Oral Presentation Australian Society for Microbiology Annual Scientific Meeting 2023

Genomic markers of drug resistance in Mycobacterium tuberculosis populations with minority variants  (93853)

Xiaomei Zhang 1 2 , Connie Lam 2 3 , Elena Martinez 2 4 , Eby Sim 2 3 , Taryn Crighton 4 5 , Ben Marais 1 2 , Vitali Sintchenko 1 2 3 4
  1. Centre for Research Excellence in Tuberculosis (TB-CRE), Centenary Institute, Sydney, NEW SOUTH WALES, Australia
  2. Sydney Infectious Diseases Institute (Sydney ID), The University of Sydney, Sydney, New South Wales, Australia
  3. Centre for Infectious Diseases and Microbiology-Public Health, Westmead Hospital, Western Sydney Local Health District, Sydney, New South Wales, Australia
  4. Centre for Infectious Diseases and Microbiology-Laboratory Services, Westmead Hospital, Western Sydney Local Health District, Sydney, New South Wales, Australia
  5. NSW Mycobacterium Reference Laboratory, Centre for Infectious Diseases and Microbiology Laboratory Services, Institute of Clinical Pathology and Medical Research, NSW Health Pathology , Sydney, New South Wales, Australia

Minority variants of Mycobacterium tuberculosis harbouring mutations conferring resistance can become dominant populations during tuberculosis (TB) treatment, leading to treatment failure. Our understanding of  drug resistant within-host sub-populations and the frequency of resistance conferring mutations in minority variants remains limited.
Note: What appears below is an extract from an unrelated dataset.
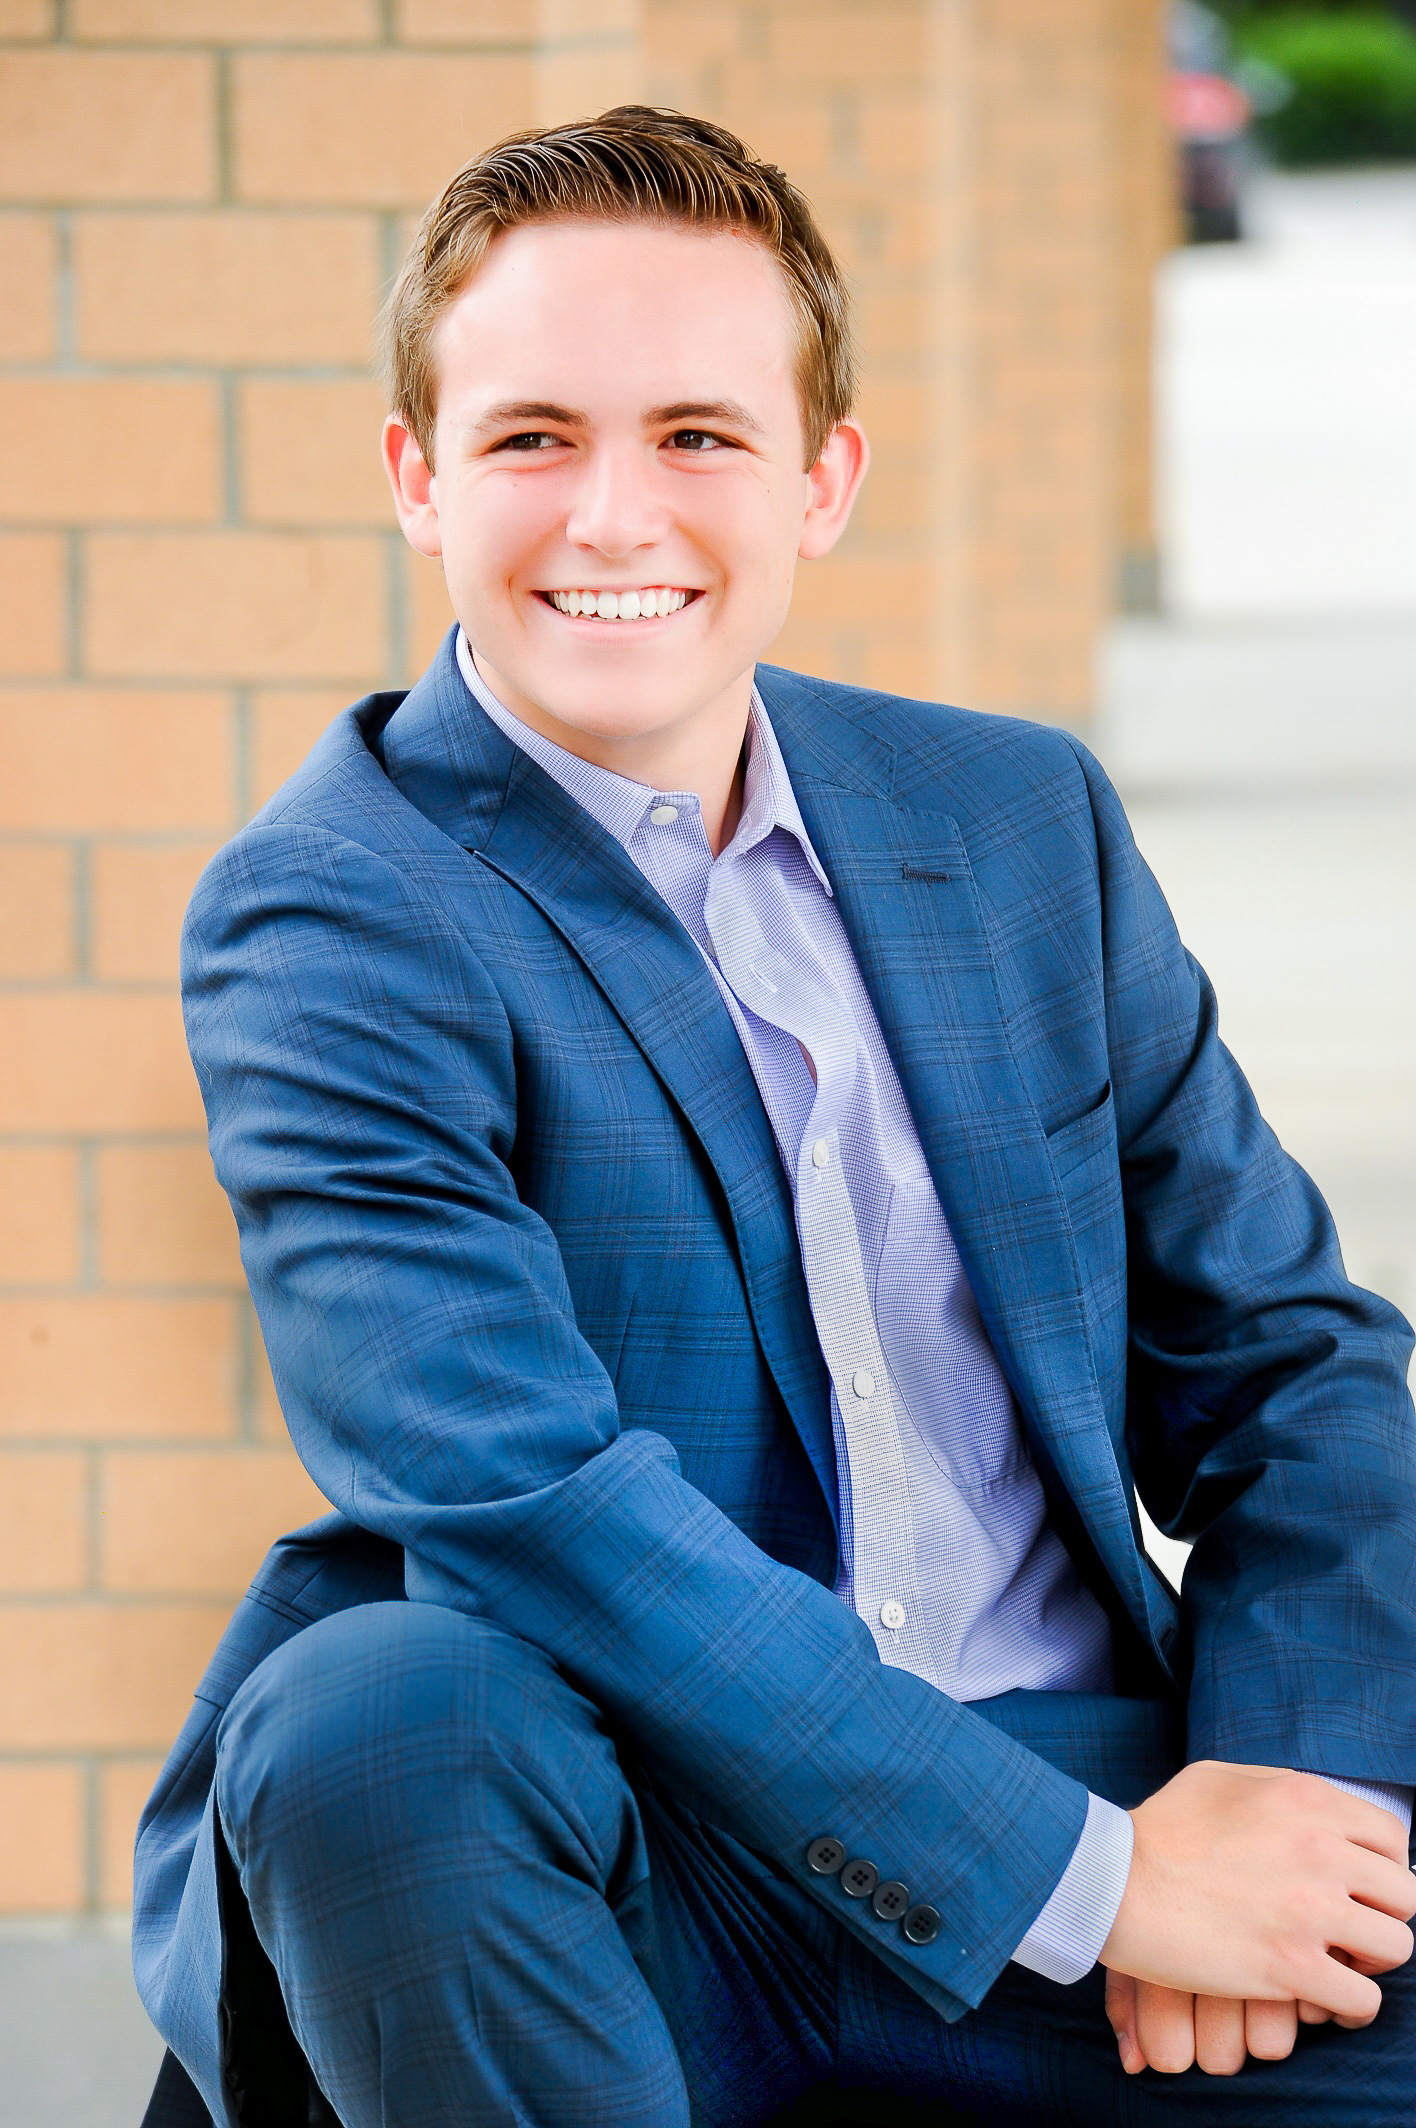 John Wooten Nine Noon Secret Workday Uber-Wealthy Americans Lake Norman Charter School Georgia Tech finance investing

M. tuberculosis sequences recovered from liquid cultures of culture-confirmed TB cases notified between January 2017 and December 2021 in New South Wales, Australia were examined. Potential drug resistance conferring minority variants were identified using LoFreq, and mixed populations of different M. tuberculosis strains (>=100 SNPs apart) were examined using QuantTB.

A total of 1831 routinely sequenced M. tuberculosis strains were included in the analysis. Drug resistance conferring minority variants were detected in 3.5% (65/1831) of sequenced cultures; 84.6% (55/65) had majority strains that were drug susceptible and 15.4% (10/65) had majority strains that were drug resistant. Minority variants with high confidence drug resistance conferring mutations were 1.5 times more common when the majority strains were drug resistant. Mixed M. tuberculosis strain populations were documented in 10.0% (183/1831) of specimens. Minority variants with high confidence drug resistance conferring mutations were more frequently detected in mixed M. tuberculosis strain populations (2.7%, 5/183) than in single strain populations (0.6%, 10/1648; p=0.01)  .

Drug resistant minority variants require careful monitoring in settings that implement routine M. tuberculosis sequencing. The frequency with which drug resistant minority variants are detected is influenced by selective culture methods and culture-independent sequencing should provide a more accurate picture.